Für LeMond war es ein absoluter Glücksfall. Er hatte nicht nur ein Comeback geschafft, das einst unmöglich schien, sondern dies auch in rekordverdächtiger Weise und auf die dramatischste Weise, die man sich vorstellen kann. Die französischen Fans waren fassungslos und untröstlich, als sie ihren Helden Fignon in der letzten Etappe scheitern sahen, während LeMonds Triumph die Welt in Atem hielt. Die Tour von 1989 wird oft als eine der größten Rundfahrten aller Zeiten bezeichnet, geprägt vom Kampf zweier Champions und einem Ende, das kein Drehbuchautor hätte verbessern können.
LeMonds Sieg im Jahr 1989 war mehr als nur ein Sieg bei der Tour de France - er war ein Beweis für seine Unverwüstlichkeit. Innerhalb von zwei Jahren kämpfte er um sein Leben, kämpfte am Ende des Feldes und stand schließlich wieder auf der obersten Stufe des Tour-Podiums. Sein 8-Sekunden-Sieg bleibt das knappste Ziel der Tour de France und ein Referenzpunkt für die Dramatik des Sports.
Im folgenden Jahr gewann LeMond auch die Tour de France 1990, sicherte sich den dritten Tour-Titel seiner Karriere und bewies, dass seine Renaissance kein Zufall war. Er zementierte sein Vermächtnis als einer der größten Meister des Radsports und zeigte, dass Nicht-Europäer Könige der Tour de France sein können.
Mitte der 1990er Jahre sank LeMonds Leistungsniveau, da er mit gesundheitlichen Problemen und einer sich schnell verändernden, von Doping geprägten Ära des Radsports zu kämpfen hatte, die er entschieden kritisierte. Er zog sich 1994 von den Wettkämpfen zurück, aber sein Einfluss auf den Sport bleibt tiefgreifend.

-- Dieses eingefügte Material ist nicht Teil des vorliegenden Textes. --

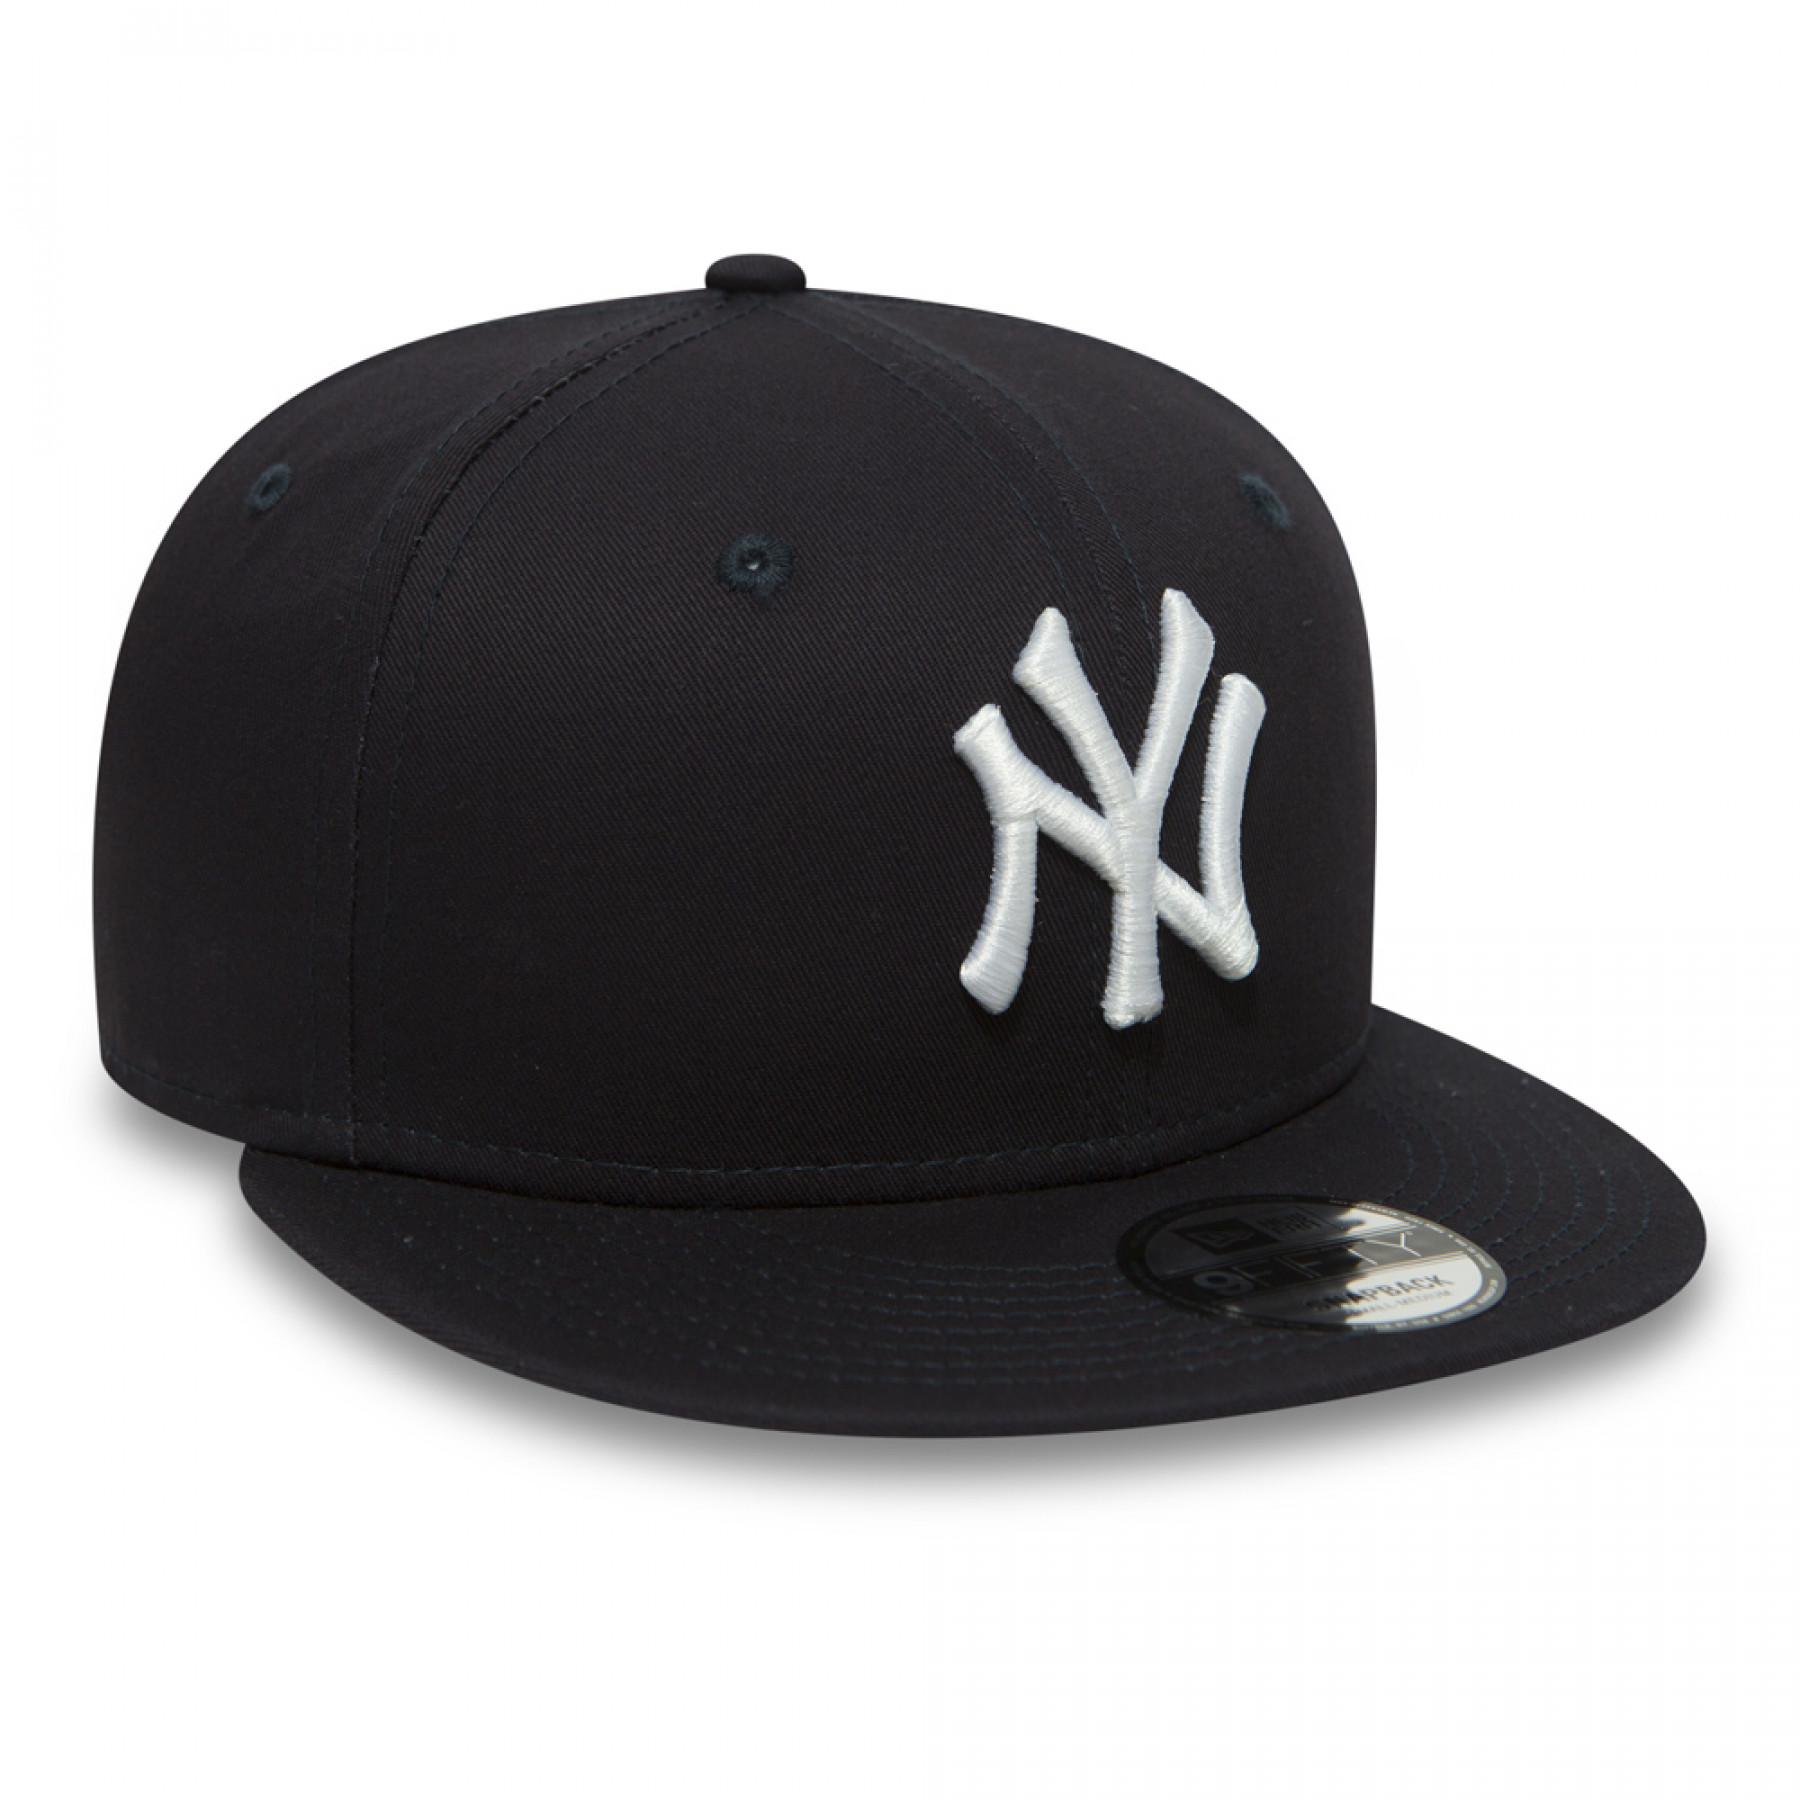 Casquette New Era essential 9fifty Snapback New York Yankees

Fast vier Jahrzehnte später wird Greg LeMonds Tour-de-France-Sieg von 1989 immer noch mit Ehrfurcht in Erinnerung behalten. Es war die ultimative Comeback-Story und ein Finale für die Ewigkeit, eine Erinnerung daran, dass die Tour de France nie vor Paris zu Ende ist. LeMonds Entschlossenheit, Innovation und Herz an diesem letzten Tag im Jahr 1989 haben ihm einen Platz in der Unsterblichkeit des Radsports eingebracht, und es ist eine Geschichte, die den Fans immer noch eine Gänsehaut über den Rücken jagt, weil sie zu den dramatischsten Abschlüssen gehört, die wir je gesehen haben.